Much like in the case of farmers who became pesticide victims, the conviction that responsibility lay solely with the companies involved was strengthened over time, in particular through victims’ confrontation with defence attorneys, who systematically challenged the pieces of evidence presented by the plaintiffs and downplayed their misfortunes.
This conviction was also reinforced by the judges’ rulings, which established an overwhelming amount of case law against pharmaceutical laboratories on the basis of defective product liability. Judges first ruled that the children of women having taken DES could be considered as a party to the contract between a laboratory and its client. They then turned to the question of knowledge regarding the drugs’ deleterious effects; to this end, judges asked for a general adversarial appraisal from the beginning. This was conducted in 1994 by a multidisciplinary panel. Responding to the judges’ questions concerning the studies “that UCB would reasonably have been expected to know […] and which would have justified different behaviour than that illustrated in the company’s continuing distribution of DES”, they compiled and analysed the literature on DES and its effects. In their conclusions, the appraisers established two separate timelines. After Dr Herbst’s publication on clear-cell adenocarcinoma (CCA) in 1971 and the contra-indication of DES in the United States, the appraisers believed that UCB Pharma should “have been aware of this data and [should not] have maintained the distribution of DES for use in pregnant women”. Before that time, however, the existing research was described as contradictory, which could have explained why UCB Pharma maintained “the distribution of DES for its use during pregnancy”. Nonetheless, while judges in courts of both first and second instance relied on the data provided in this report, they ultimately reached a different conclusion, ruling that there was “a duty of vigilance” according to which the company had “committed a series of offences by not monitoring the effectiveness of the litigious product, especially given the warnings contained in the medico-scientific research, specifically in 1939 and 1962-63”.

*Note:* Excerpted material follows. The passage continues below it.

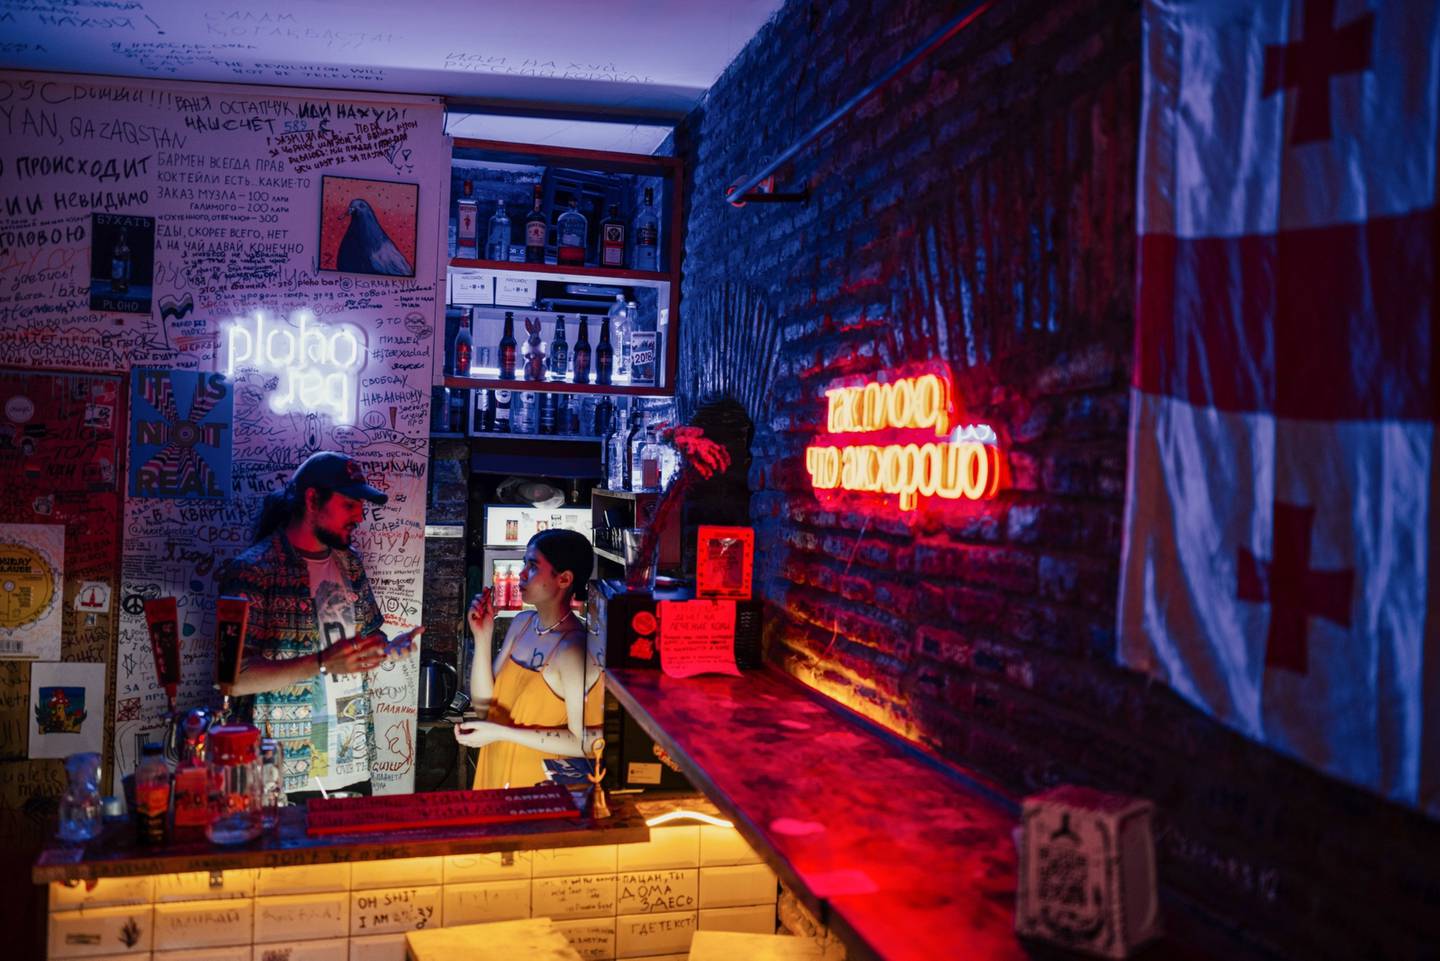 La copropietaria Dariya Zheniskhan con un camarero en su bar, Ploho, en Tiflis (Georgia), donde las paredes están adornadas con grafitis contra Putin. Fotógrafo: Tako Robakidze/Bloombergdfd
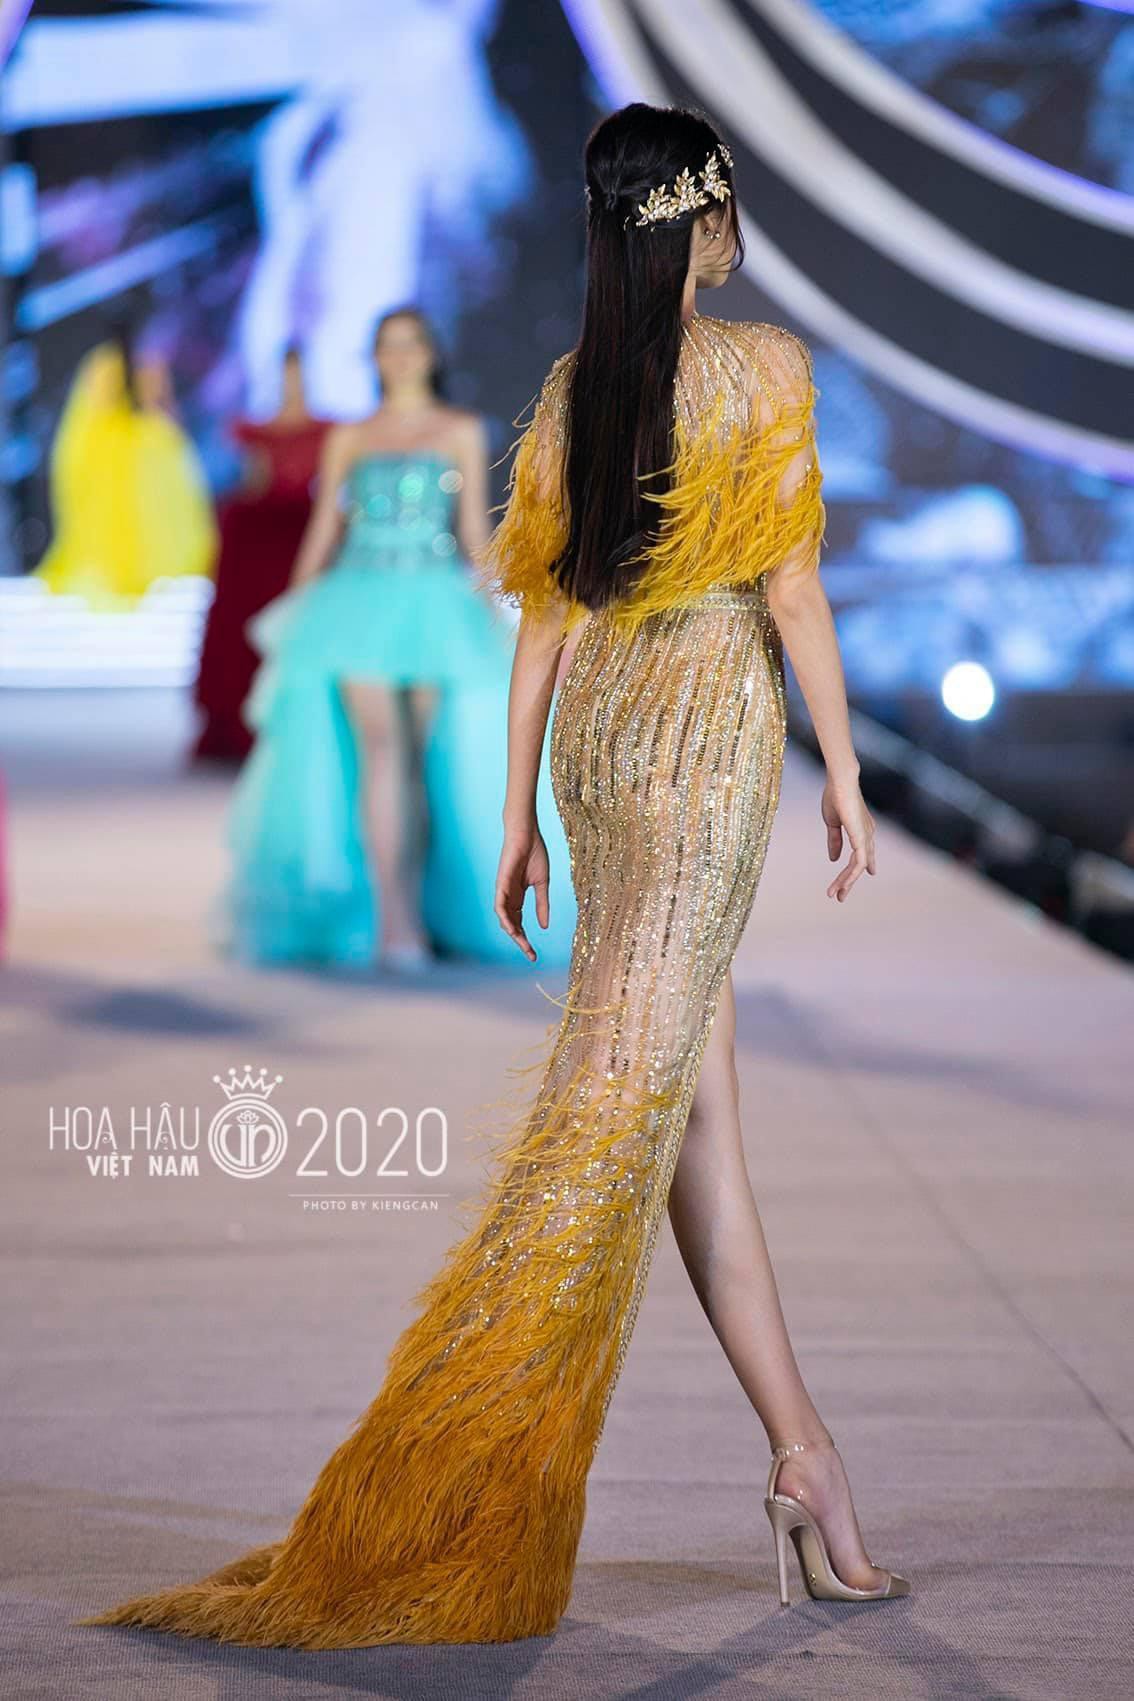 Diện lại váy lông vũ của Hoa hậu Ngọc Hân và Á hậu Ngọc Thảo, Phương Oanh vẫn đẹp gây mê - Ảnh 16.

After the Court of Cassation upheld this ruling in 2006, the duty of vigilance required in the case of clear-cell adenocarcinoma established a precedent for all DES victims, regardless of their birth year, even though the laboratories would continue to challenge the legal basis for other afflictions. By defining a very broad scope of responsibility, judges made this legal channel even more appealing for victims, making a secondary search for liability among prescribing physicians or public authorities superfluous. In addition, this ruling helped to unify victims by creating a shared sense of legitimacy behind their demands for compensation.
References
- Abstract from “From Individual Redress to the Development of a Collective Cause: The Legal Mobilisation of Victims of DES”, Revue française de science politique (English Edition), Pages 583 – 607, 2015/4.